×
Traktatov.net » История одиночества » Читать онлайн
Страница 128 из 158 Настройки

— Чем это повредит приходу? — удивился я. — Я прошу о коротком отпуске, всего на неделю-другую, если дело затянется. Кроме того, я по-прежнему буду служить утренние мессы.

— Я говорю об огласке. Вы же не хотите, чтобы в связи с этой историей склоняли и ваше имя? На нас это скажется плохо.

— Кого конкретно вы имеете в виду, говоря «на нас»? Себя и меня?

— Церковь.

— А то Церкви больше не о чем беспокоиться, кроме как о том, явлюсь я на суд или нет.

— Этого человека обвиняют в многочисленных преступлениях против детей, — не унимался настоятель. — Страшно подумать, сколько их было за двадцать пять с лишним лет. Оглядитесь вокруг, отец Одран. В нашем приходе тысячи детей. Если народ увидит, что вы так рьяно поддерживаете своего друга…

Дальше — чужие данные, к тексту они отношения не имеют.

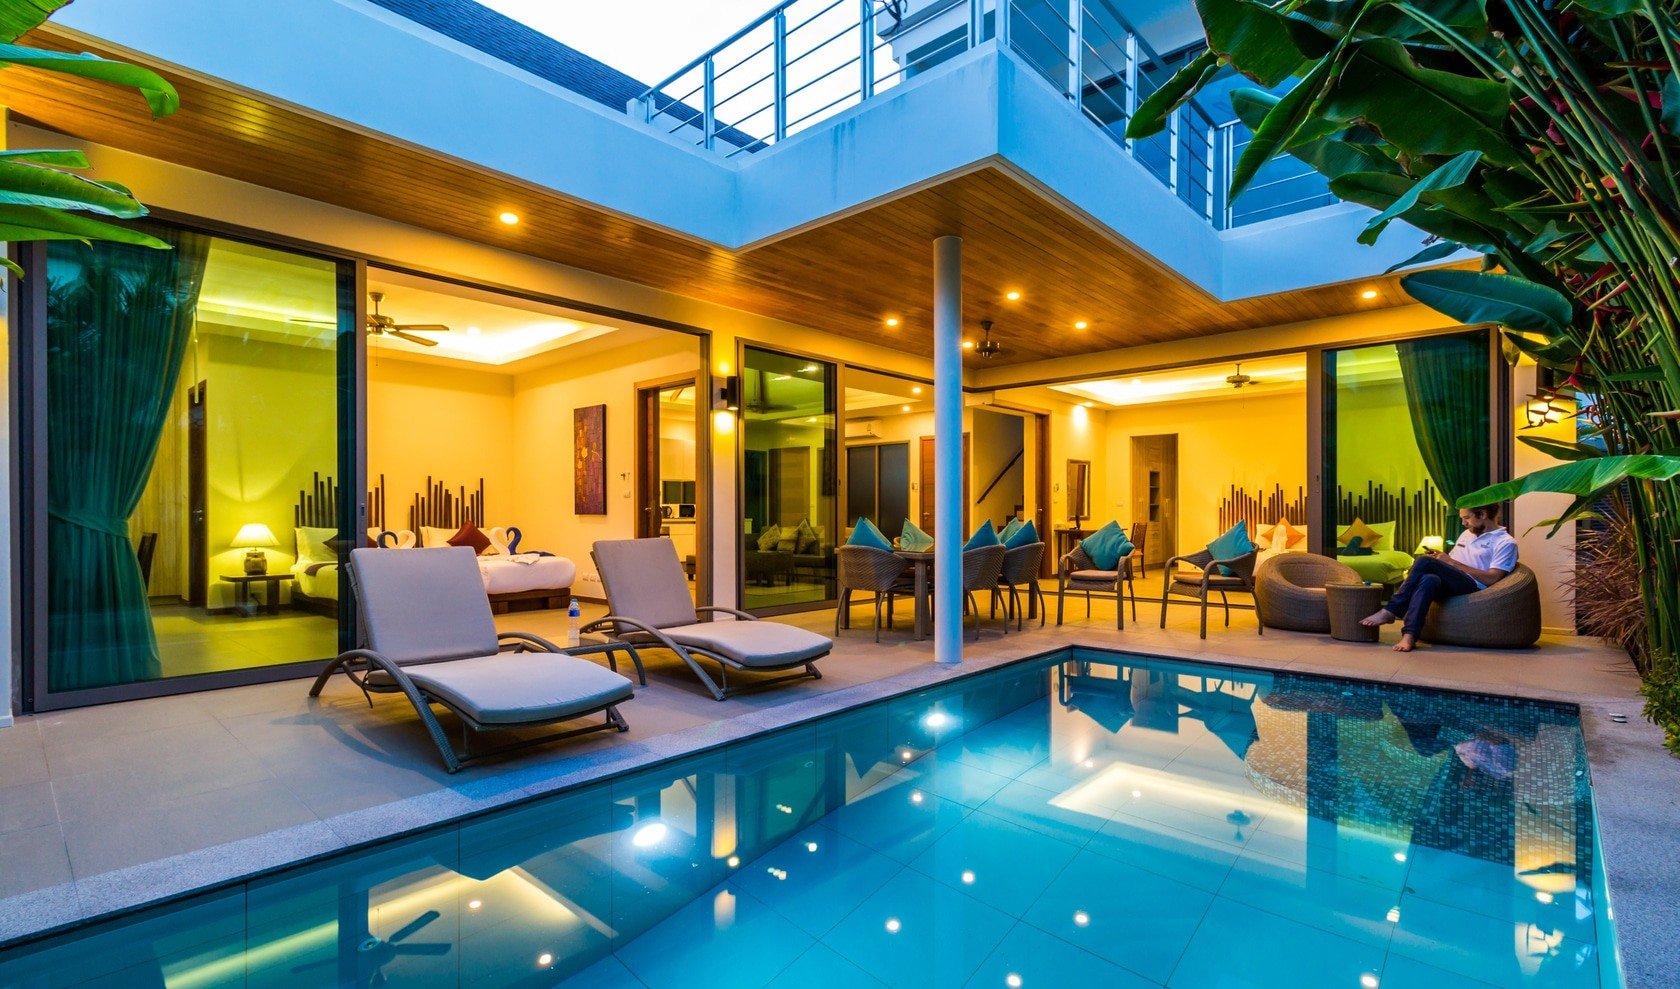 villa interior and pool complete

— Я его вовсе не поддерживаю, — вяло возразил я.

— А что тогда?

— Просто хочу… присутствовать. Не более того.

Настоятель покачал головой:

— Вы сами назвали его давним другом. И что бы вы здесь ни говорили, ваше поведение будет выглядеть поддержкой, а в мире, где мы живем, самое главное — как выглядят наши поступки. Постойте! — Он нахмурился и подался вперед, осененный мыслью: — Вы считаете, он невиновен? Да?

Слова застряли у меня во рту. Я не ожидал такого вопроса.

— Вот пусть суд в этом и разберется, — ответил я.

— Но вы-то что думаете?

— Взять два-три отгула, вот что я думаю, — сказал я, сдержавшись, чтобы не добавить: «И катись ко всем чертям, если тебе это не по нраву».

Но вопрос прозвучал и теперь не давал покоя. Виновен ли Том? Я знал его с семьдесят второго года. Тридцать шесть лет дружбы. И если за все эти годы я так и не проник в его душу, то не потому, что не пытался. Да, он через силу приспособился к семинарии, да, священство не было его добровольным выбором, но разве это превращало его в чудовище, каким его представляли газеты? Из сотен снимков, с помощью телеобъективов сделанных в дублинском следственном изоляторе, газетчики выбирали те, на которых он выглядел хищным злодеем. Это доказывало его вину? Я не узнавал его на газетных фотографиях.

И все же, все же… Столько всяких нестыковок, столько всего подозрительного, на что прежде я закрывал глаза. Теперь все это занозой сидело в голове. Значит, и я чем-то виноват? Я отгонял эту мысль. Я к ней не готов. Пока что.

Перед зданием суда толпа репортеров наблюдала за дюжиной пикетчиков, которые молча ходили по кругу, держа в руках плакаты, обвиняющие Тома и поносящие Церковь. Корявые буквы, опустошенные лица. Как же до этого дошло? Кто виноват в этом несчастье?

Один пикетчик отвечал на вопросы репортера с телекамерой. Я прислушался.

— Шесть лет, с девяти до пятнадцати, — со слезами в голосе говорил респектабельный мужчина в дурно сшитом костюме, но с аккуратной стрижкой. Под руку с ним стояла женщина, очень похожая на него — наверное, сестра; лицо ее выражало неприкрытую враждебность. — В шестнадцать я его послал, на том и закончилось.

Репортер что-то спросил, мужчина кивнул:

— У меня не было выбора. Всю жизнь я об этом молчал. Но остаток жизни потрачу на то, чтобы исправить ошибку.

Репортеры разом загалдели, но человек как-то умудрился выбрать вопрос. Едва он заговорил, корреспонденты смолкли и застрочили в блокнотах.